The strength of these September numbers while not appearing to be reflected in the September payrolls report could well see a trickle through into today’s October numbers, which suggests that today’s 200k estimate might be on the low side. Alternatively we could well see a significant revision upwards to the headline number for September.
This week’s October ADP report pointed to consistently strong jobs growth, coming in at 228k, a slight increase from the 218k in September, with many employers complaining that they were struggling to fill open positions.
More importantly markets will be paying particular attention to the wages numbers which are expected to push up to 3.1%, which would be the highest level this decade, beating the peak seen in December 2016 of 2.9%.
In the absence of a decent jobs number or a jump in wages we could well see further weakness in the US dollar as markets pare back expectations of an aggressive hiking cycle beyond December. As it is we’ve seen the US dollar slip from 16 month highs against a basket of currencies, as equity markets continued to remain buoyant. A bearish reversal on the daily charts speaks to the possibility of further US dollar weakness in the coming days.

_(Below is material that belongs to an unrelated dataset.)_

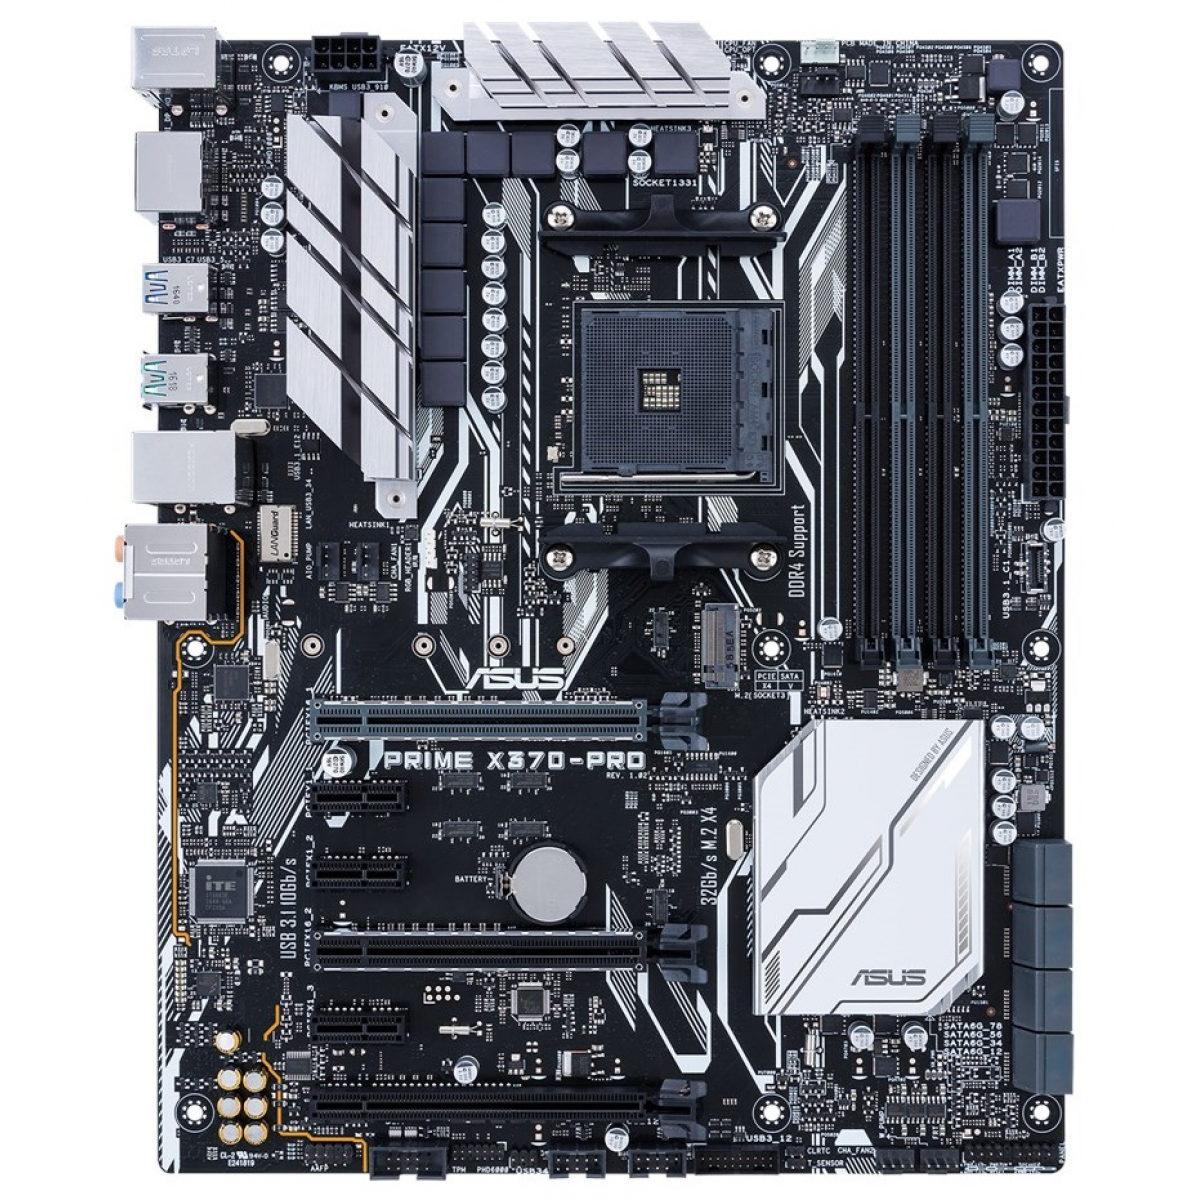 Placa Mãe Asus Prime X370-PRO, Chipset X370, AMD AM4, ATX, DDR4
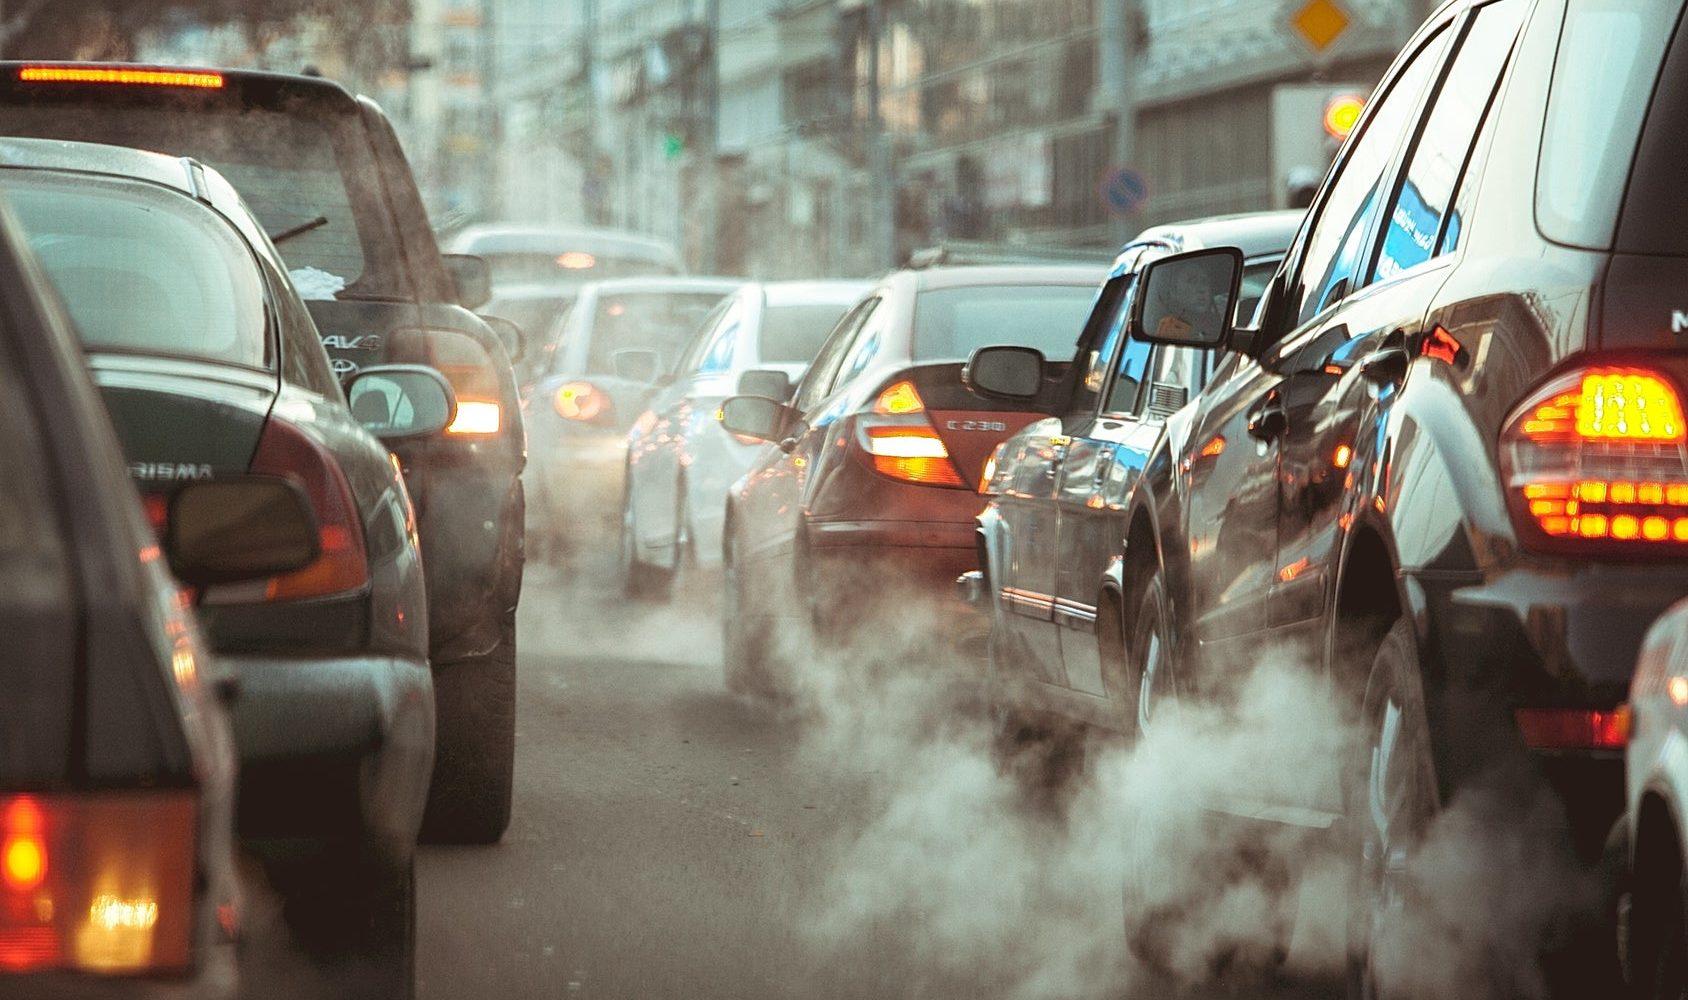 emissioni-veicoli-1688x1000.jpg

Oil prices have also continued to slide after the US gave eight countries waivers on Iranian sanctions, sending the oil price back below the 200-day MA to a daily close below it for the first time since August 2017.
Given that we’ve seen five successive weeks of inventory builds, we could well see further falls towards the August 2018 lows at $70 a barrel, welcome news for the consumer and particularly welcome for the US consumer who has seen WTI prices fall to their lowest levels since April, thus putting downward pressure on US gasoline prices.